Acute and restorative care

  • Supporting initiatives to reduce avoidable acute admissions
  • Streamlining acute assessment tools and processes
  • Improving the patient journey, quality of care, discharge planning, family engagement and cultural responsiveness of services through sharing best practice
  • Smarter use of data to identify older people at risk of falls
  • Improved rehabilitation by building relationship with primary care, allied health and other partners
  • Incorporating ‘restorative’ care models where appropriate and ensuring teams are deployed effectively.

Living well with long term conditions

  • Improving models of home and community care by focusing on the needs of older people and their families, and respecting cultural differences
  • Improving conditions for kaiāwhina workforce, and developing a workforce plan for healthy ageing
  • Better support for people to live well with: dementia, diabetes, stroke, musculoskeletal conditions, mental illness and substance abuse, low vision
  • Promoting self-management by giving older people the tools and support they need, including guidance, technology and information to support self-care and reduce social isolation.
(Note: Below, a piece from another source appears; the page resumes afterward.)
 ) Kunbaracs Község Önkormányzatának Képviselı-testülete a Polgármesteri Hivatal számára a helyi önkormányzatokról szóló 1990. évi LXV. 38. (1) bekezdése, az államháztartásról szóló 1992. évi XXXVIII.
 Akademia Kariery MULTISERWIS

Supporting people with high and complex needs

  • Work with the sector to identify and test frailty identification tools for primary care settings
  • Agree standard referral and discharge protocols for people moving into and out of residential care facilities
  • Facilitate access to medicines management for people living at home and in residential facilities.

Respectful end of life

  • Complete and implement a palliative care action plan
  • Implementation of Te Ara Whakapiri: Principles and guidance for the last days of life
  • Developing options for surveying patient and family experience.
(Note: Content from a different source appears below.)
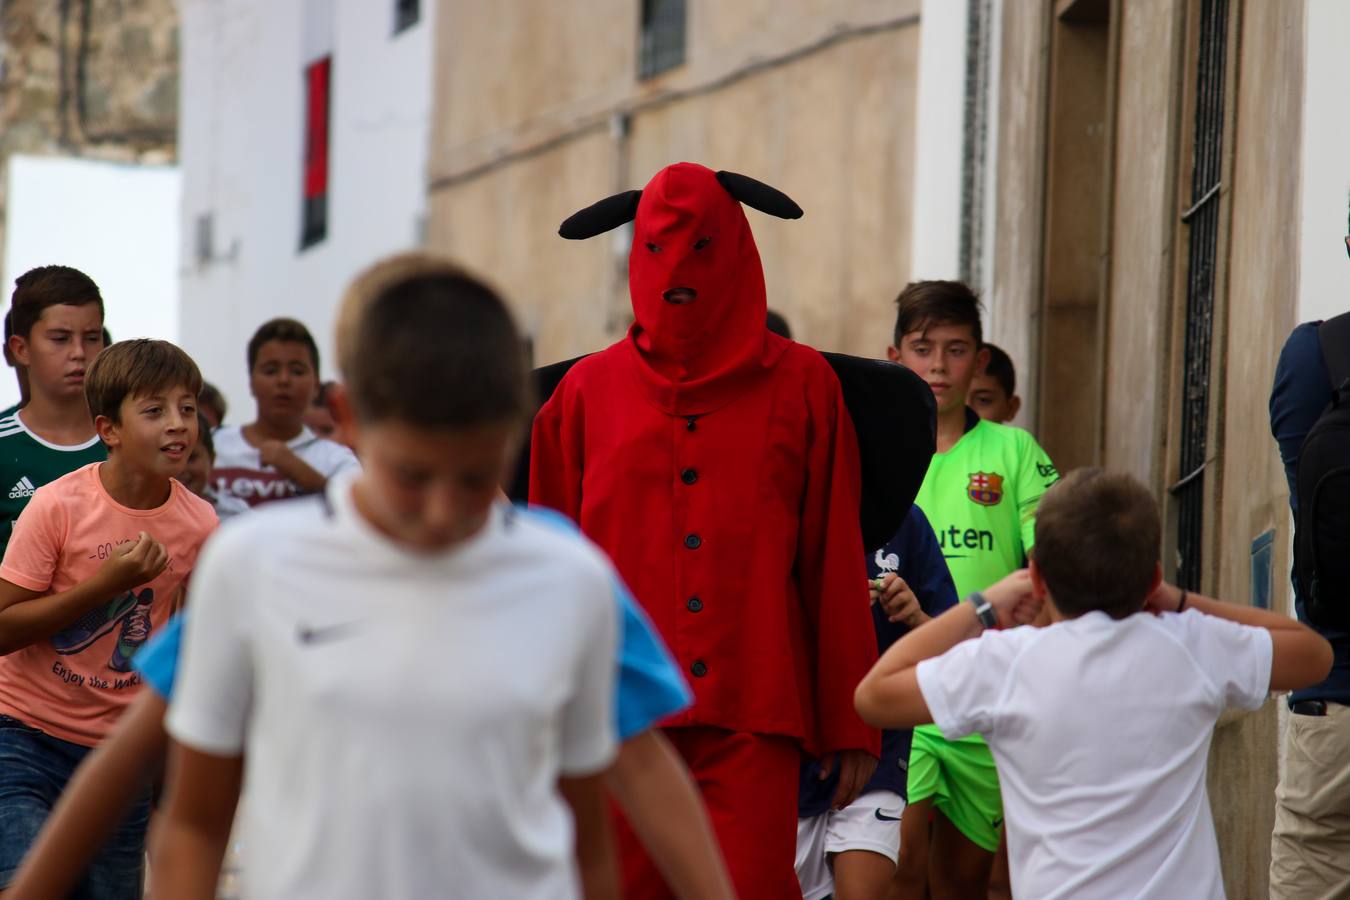 La 'salida del diablo' continúa aunando fiesta, tradición y leyenda en Jerez

Implementation, measurement and review

  • Planning and delivering a coordinated programme of work towards the Healthy Ageing Strategy goals
  • Improving collection and use of older people’s experiences of care, and engaging older people in DHB forums
  • Co-designing of minor ailments/referrals service as part of the Pharmacy Action Plan
  • Reviewing implementation progress and publishing indicators for District Health Boards
  • Improving our knowledge base through greater collaboration in research development and dissemination.

Key achievements over the first two years

  • Implementation of a nationwide programme of falls and fracture prevention and treatment initiatives, led by the Accident Compensation Corporation (ACC) and District Health Boards
  • improved remuneration, training and employment conditions for care and support workers in aged care
  • initial work on a National Framework to improve consistency and quality for home and community support sector services
  • significant progress by the Office for Seniors in supporting the establishment of age-friendly cities and communities, and Hamilton and New Plymouth being accepted into the World Health Organization Global Network for Age-Friendly Cities and Communities.

Our focus for 2019 - 2022

There are 26 priority actions for 2019 - 2022, which sit under nine key focus areas, and complement the ongoing work related to the priorities of the first two years:

  1. Maintain and enhance older people's capacity through supportive environments, health promotion and disease minimisation and prevention.
  2. Improve the wellbeing of people by coordinating assistance to socially isolated older people.
  3. Prevent unnecessary acute hospitalisations and emergency department attendances.
  4. Support rehabilitation closer to home.
  5. Implement models of care that are needs based, person-centred and equitable.
  6. Support the capacity and capability of the workforce to provide care and support for older people with a more complex and diverse range of health and support needs.
  7. Improve support for informal carers.
  8. Monitor the performance of the system in implementing the Strategy. A priority action to enable this is the development of an outcomes and measurement framework for this purpose.
  9. Strengthen implementation of the New Zealand Dementia Care Framework and cognitive impairment pathways.